第百二十三話 兄ィズ、帰還! 文明人(?)になっての大逆襲!?
伯爵邸の中庭。
真昼の太陽が、芝に鮮やかな光を落としていた。
アリアは額に汗をにじませながら、セリーヌ師匠の指導で魔力の制御訓練に励んでいた。
両手の間に浮かぶ光の球は、以前よりもずっと安定している。
「……ふぅ。やっと……少しずつ出来るようになってきた……」
アリアが息を吐いたそのとき――。
――カツ、カツ、カツ。
中庭に面した回廊から、二つの影がゆっくりと現れた。
背筋はぴんと伸び、髪は艶やかに整えられ、衣服もきちんとしたものに替えられている。
堂々とした足取りは、まるで騎士の行進のようだった。
「……お、お兄様たち……!?」
アリアは思わず目を丸くした。
そこにいたのは、ノアとレオン――彼女の兄ィズである。
だが、その姿は以前の「泥まみれ・煤まみれ・野性味全開」の二人とはまるで別人。
屋敷の侍女たちがひそひそと囁く声が、風に乗って聞こえてくる。
「まあ、ノア様とレオン様?いつお戻りになられたのかしら?」
「奥様が何か小汚い人たちを連れて行かせたらしいけど……」
「え、もしかして、その時のお二人が……」
「何か見違えて素敵になられていません事…」
アリアは心の中で叫んだ。
(そーいえば、お兄様たち……学園時代にファンクラブみたいなのが出来るくらい、かっこよかったんだっけ……!)

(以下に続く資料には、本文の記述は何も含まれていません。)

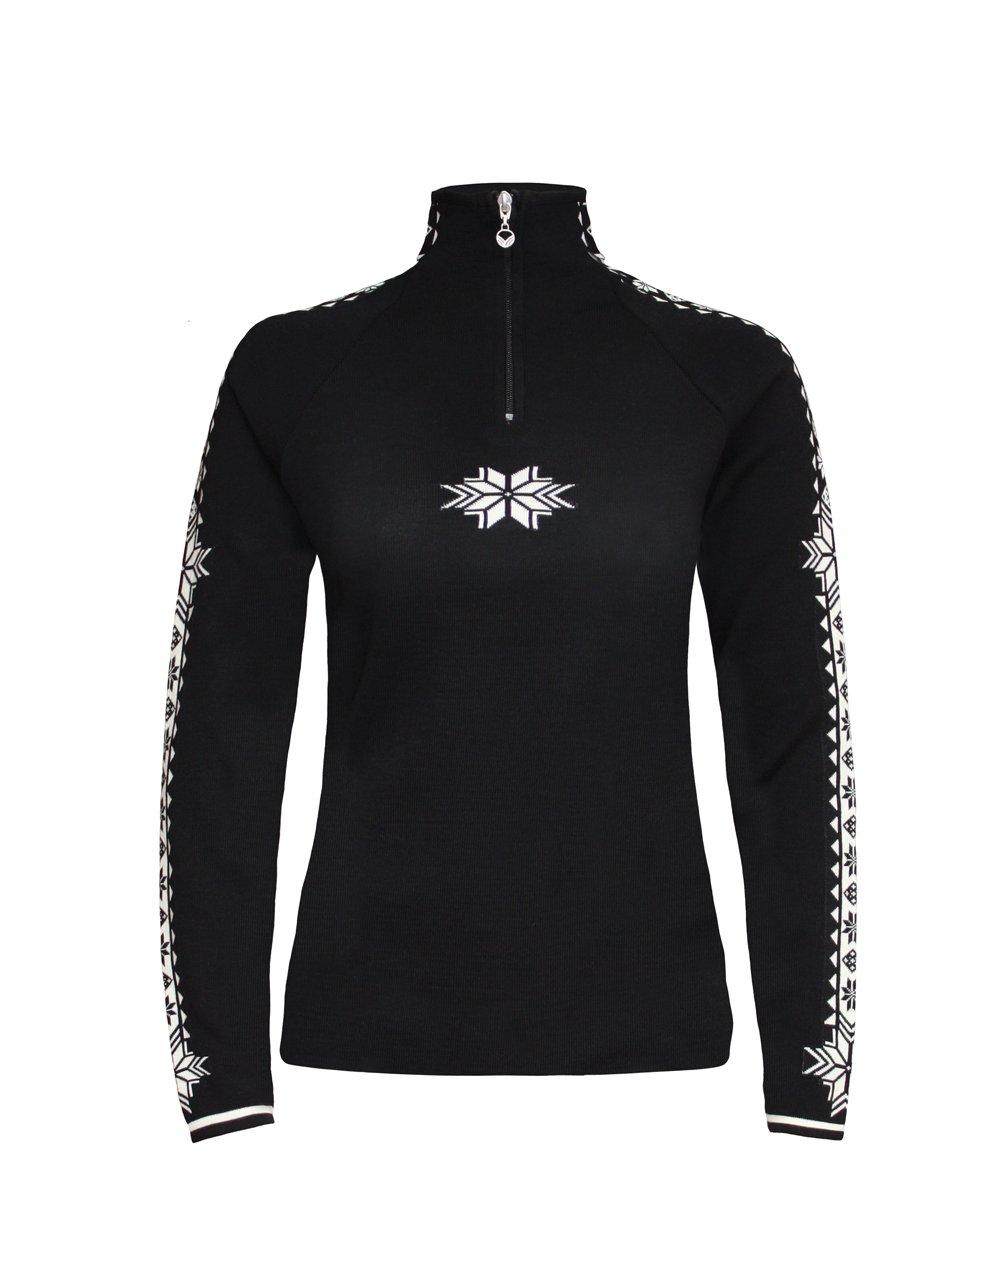 Dale of Norway Women's Geilo Sweater, Black/Off White, Medium

目の前に立つ兄二人は、確かにかつての栄光を取り戻したように見える。
アリアは思わず口を押えてつぶやいた。
「み、見違えた……ほんとに……」
◆
横で訓練を見ていたセリーヌが、ぱちんと扇子を閉じる音を響かせた。
「あら、あなたたち。そんなに文明人してたのね」
さらりと放たれた一言に、ノアとレオンの肩がぴくりと跳ねる。
「せ、セリーヌ殿……それは褒め言葉と受け取ってよろしいのか?」ノア。
「”してた”って過去形はどういうことだ!?」レオン。
だがセリーヌはただ、にっこりと微笑むばかりだった。
まるで「長続きはしない」と見抜いているかのように。
◆
アリアは両手を胸に当てて、興味津々と尋ねた。
「ところで……お兄様たちは、どんな修行をしていたのですか?」
すると兄ィズは胸を張り、声をそろえて叫んだ。
「『一は全、全は一!』――その答えを見つけさせられていたのだ!」
「…………え?」
アリアは一瞬きょとんとしたが――。
次の瞬間、腹を抱えて吹き出した。
「ぶふっ! ま、待って待って! それって――錬成しちゃうやつじゃないですか!? ええぇぇっ!?」
彼女の脳裏に浮かんだのは、前世で大好きだった漫画とアニメ。
等価交換で物を作る、あの作品の名台詞である。
「だとしたら……弟のレオン兄さまは……」
アリアは想像し、顔を青ざめさせた。
「空っぽの鎧になっちゃったり……! あ、いやいや、ないないないない! ははははは!」
中庭にアリアの笑い声が響く。
◆
必死で笑いをこらえながらも、アリアは尋ねた。
「で、で……兄さまたちは、その答えは出たのですか?」
ノアとレオンは顔を見合わせ、にやりと笑う。
「ああ、出た!」
「”アリアが全! アリアこそ一!”」
ばーんと胸を張り、指を妹に向ける二人。
「「我らがすべての答えはアリアだッ!!」」
中庭の侍女たちがキャーと悲鳴を上げる。
だが、当のアリア本人は顔を真っ赤にして叫んだ。
「ちょ、ちょっとぉおおおお!! 何言ってるんですかぁあああああ!!」
◆
その様子を黙って見ていたセリーヌが、ふうと長い息を吐いた。
「……師匠、こんなんでいいのですかぁ?」アリア。
セリーヌは天を仰ぎ、うっすら涙ぐんで呟いた。
「良くないけど……これ以上、良くならないのよ……」
その場に、妙な静寂が訪れる。
しかし、兄ィズはまったく気にしていない。
「さあ、アリア! 俺たちと共に修行を再開しようではないか!」ノア。
「お前が全であり一であるならば! 俺たちはその守護者として戦うのだ!」レオン。
芝の上で二人は勝手に決めポーズを取り、輝く笑顔を放っていた。
◆
こうして再び始まった、兄ィズとアリアの修行の日々。
その賑やかさは、伯爵邸の中庭だけでなく、屋敷全体を揺るがすほどだった。
――果たしてアリアは、まともに魔力制御を学べるのだろうか。
そして兄ィズは、文明人の姿をいつまで保てるのだろうか。
すべては、次回のお楽しみである。